Mi nombre es Anabella y soy profesora en una escuela infantil.
Me apasiona mi trabajo. Creo que es la mejor carrera que he podido estudiar. No me arrepiento en absoluto de haberla escogido. Es cierto que muchas tardes he llegado a casa con un dolor impresionante de cabeza por los gritos de todos aquellos diablillos, pero nadie me quita la felicidad, alegría y diversión a su lado. Sin darme cuenta de ello, se han convertido en mi antídoto para la tristeza.
Esta mañana me he levantado con un poco de nostalgia. Se acercan las fiestas de Navidad y, aunque la paso genial decorando la clase con mis duendecillos, no puedo remediar ponerme triste al saber que no volveré a verlos hasta después de que empiece un nuevo año y reciban los juguetes que les hayan pedido a los Reyes Magos.
Soy una tonta cursi, ¿verdad? Pues lo siento, pero no me arrepiento de serlo.
El timbre de la escuela toca a las dos en punto de la tarde y me despido de mis diablillos con un gran abrazo en grupo. Casi no puedo respirar, sin embargo, a quién le importa. Me siento arropada y querida y sería un placer morir aquí mismo, entre todos esos pequeños e inocentes bracitos.
—Hasta el año que viene, señorita —me desean todos al unísono mientras mueven sus manitas y se alejan con mi compañera hasta el patio.
Me sorbo la nariz al sentir la congoja atascada en mi garganta y recojo mis cosas de la mesa. Subo las sillas a los pupitres para dejar el aula medianamente recogida y veo que mi compañera regresa con las mejillas mojadas. «Vaya, no soy la única que los echará de menos», pienso al acercarme a ella con una leve sonrisa y los brazos abiertos.
—Si estamos así en las vacaciones del primer trimestre, no sé cómo lo haremos en verano —le digo con una sonrisa llena de lágrimas.
Mi compañera se ríe al sorber su nariz y ambas terminamos de recoger para poder irnos a casa.
***
Son más de las tres cuando llego a mi casa. Me descalzo en el recibidor, dejo el bolso y el abrigo en el armario y me dirijo hacia la cocina para calentar mi comida. Estoy hambrienta.
Me siento en el sofá con una pierna bajo mi trasero y el plato de comida en mi mano. Dejo el vaso de agua en la mesita auxiliar delante del sofá y cojo un trozo de pollo con almendras.
Estoy degustando mi deliciosa comida cuando mi móvil suena en el bolso colgado en el armario de la entrada. Suelto el plato en la mesita y corro hacia el ruidoso aparato para contestar a la inoportuna persona.
—Dígame —contesto al regresar al salón para continuar con mi almuerzo.
—Cariño, espero que ya tengas el billete comprado. Tu padre podría matarme si no es así —me dice mi madre por el otro lado del auricular.
—Por supuesto que lo he comprado. Mañana por la tarde sale mi tren. Llegaré sobre las nueve de la noche. ¿Podrá recogerme alguien o me voy en taxi?

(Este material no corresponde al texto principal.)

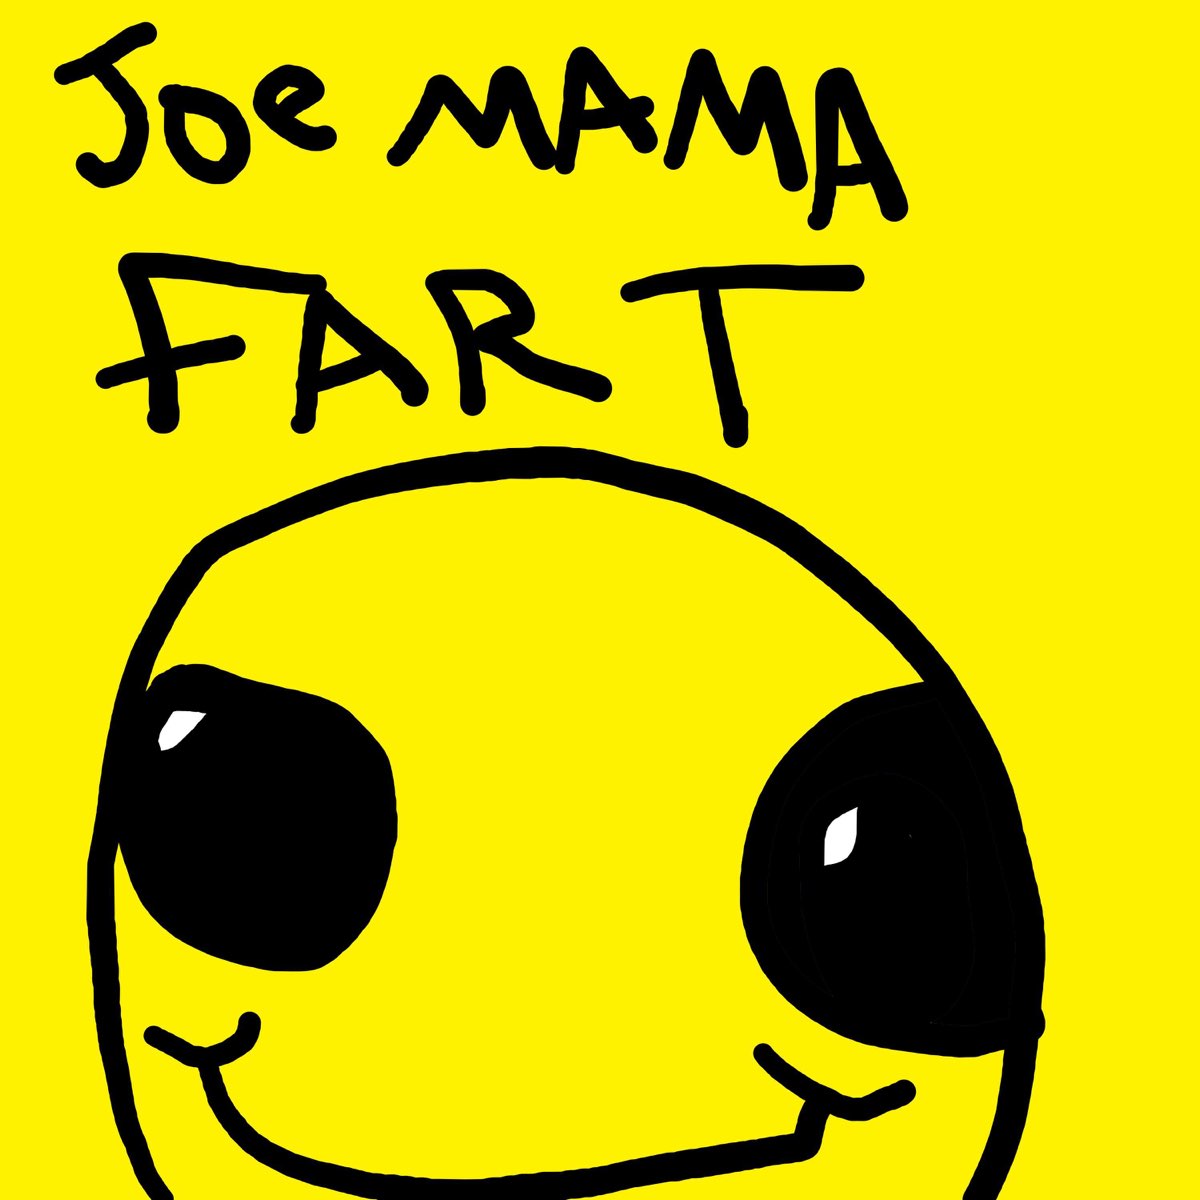 Joe Mama Fart - Single - Album by Lil Big Stack - Apple Music

—Te podemos recoger. No te preocupes. ¿Qué tal el último día de clases de este año?
—Igual que el año anterior. Me da una penita separarme de mis diablillos.
—Hija, creo que eres la única profesora que llora por no escuchar las vocecillas estridentes y ruidosas de sus alumnos.
Sé que se está burlando de mí y de mi sensibilidad, pero no me importa. Ya estoy acostumbrada a las bromitas de mi familia.
—Hoy no he llorado sola. Mi compañera también ha llorado. No soy la única cursi y sensiblera, madre.
—Dios los cría y ellas se juntan. En fin, cariño, nos vemos mañana.
Cuelgo después de despedirme con un beso y vuelvo a concentrar toda mi atención en mi almuerzo y en la película de la tele.